I remembered your thread when I saw the title, and thought - 'oh God I hope that's an update to say she's left him.'
Ok, first thing to say is that you now know you need to leave him, but can't see you doing it before the baby is born. As someone who has gone through the newborn stage twice, can I please please beg you to reconsider. Please.
It's a given that he will carry on drinking, and so best case scenario is that in a few weeks time you will be facing the same situation as this morning but with a baby to care for. There will be nothing so hopelessly lonely and depressing and hard in the world as that, which goes double if there is any issue with the baby- difficulties feeding, colic, even general perfectly normal hard, non-sleeping early days stuff. How, just how will you handle this when it's 10am and he's AWOL - but the difference between then and today is that you've had two hours sleep and have a crying baby in your arms that you desperately need taking from you just for a minute's rest?
The chances of you not coping, possibly developing PND, or simply just having the early days with your baby comprehensively RUINED are, I think, significantly higher if you choose to cope with that situation than the other, still very difficult option of leaving him now and doing the newborn days elsewhere.
Can you go to your sister? Seriously, could she put you up for the first couple of months?
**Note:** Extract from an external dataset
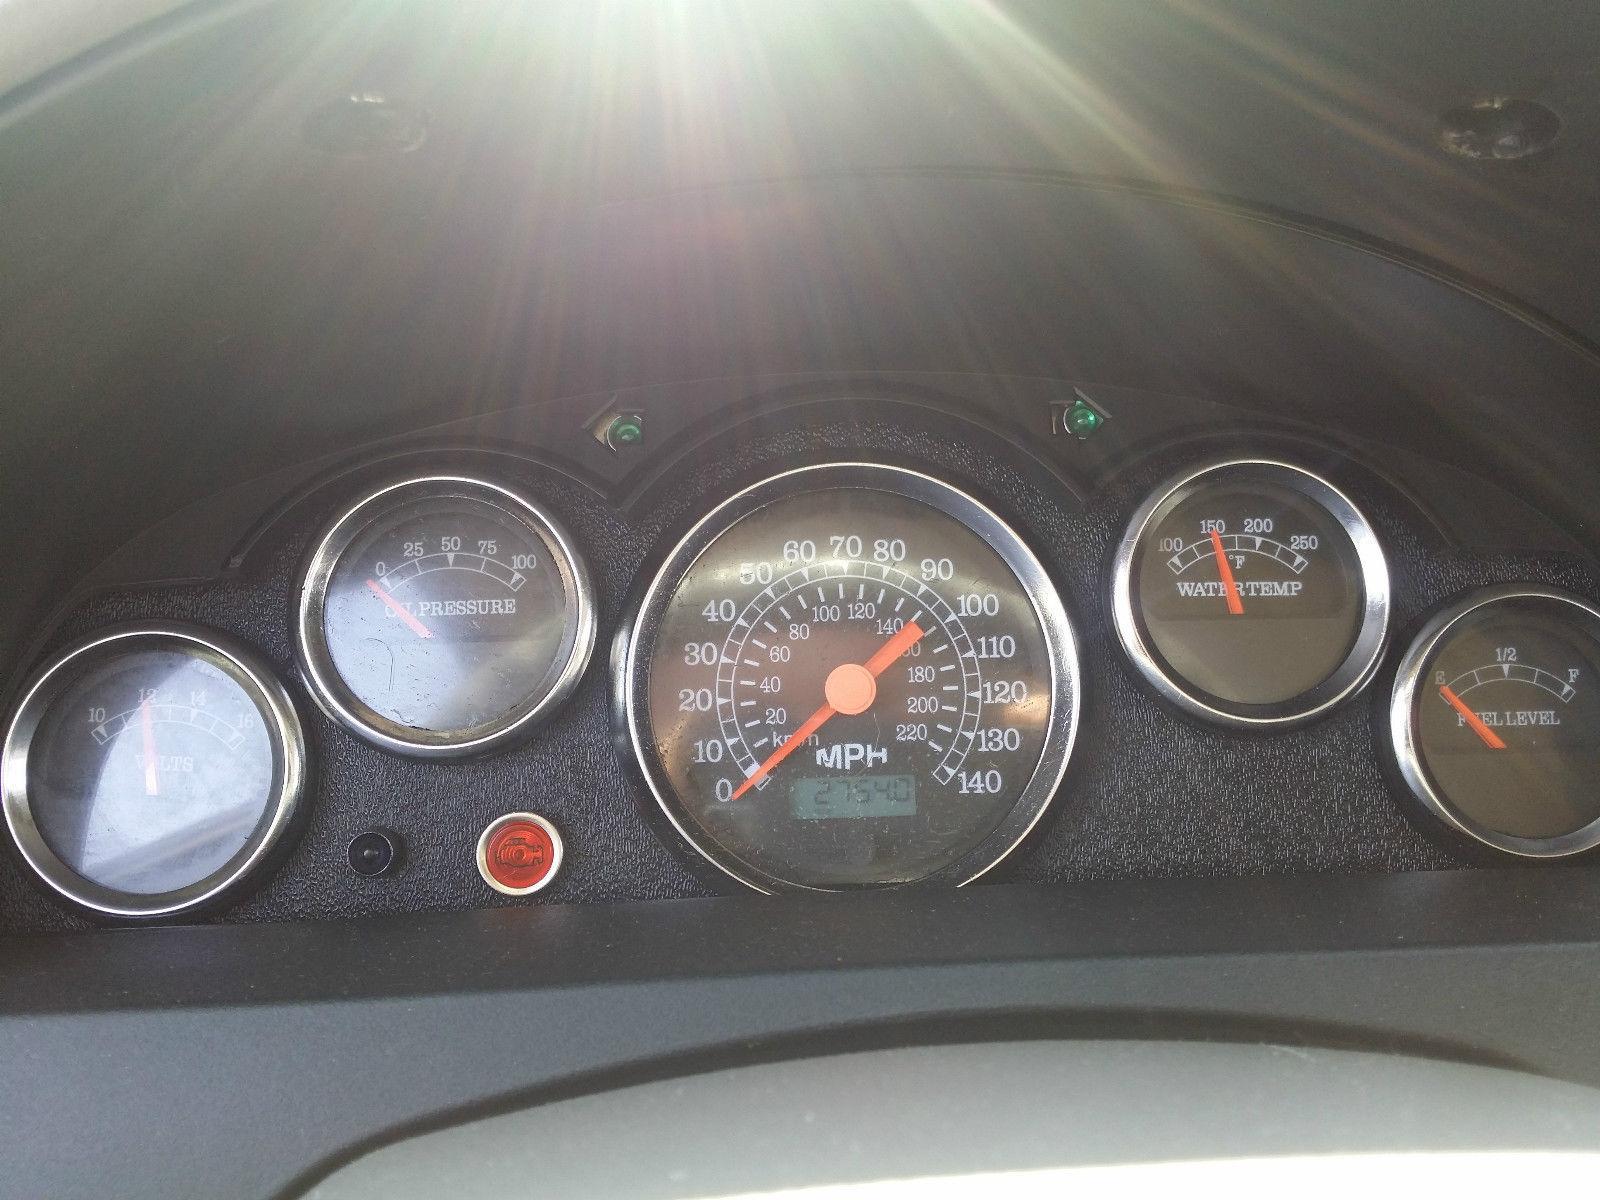 KIA Sorento 600 HP

It's a huge ask, but think about it?
Secondly, do you want to say where you are? There are folk on here - me included, with all the normal caveats of sussing someone out before accepting help in RL - who would be happy to offer practical support.
Thirdly and very importantly right now, you NEED to plan backup for the birth. Again, how far are you from your sister? Please try and minimise the stress around the birth planning by telling her exactly what's going on and discussing a plan for her attending. At least then you might feel a bit more in control.
The thing I think is most disgustng - and pitiful - about this guy is the utter, bare-faced refusal - so arrogant, really - to face reality. He's pushed and pushed his version of the person he'd idly like to be, but actually has no motivation whatsoever to become, in your face so hard that you've had no strength to do anything but accept it. But in reality he's an aggressive, unintelligent, uncontrolled boor. As you've got further and further into the pregnancy and he's seen you get more tired, less able to focus on external stuff (you describe letting go of Al-Anon and turning a blind eye to his drinking as a failure, but it's not - you're simply more pregnant and thus less able to take on stuff like this, you automatically go into head-down mode) he's relaxed, started strutting again, dropped the pretence.
And do you've gone from the whining, pleading ''I'll be the best role model and best daddy, I'm for real this time, I won't let you down' PIGSHIT to you worrying that he might be too drink to be at the birth and he says 'Yeah'.
He's an utter scumbag.
Look, this morning, call your sister, tell her everything. The aggression. The promises. The whole lot. Ask her to be ready to be at the birth and tell her that you are leaving him. Soon. And see what she says.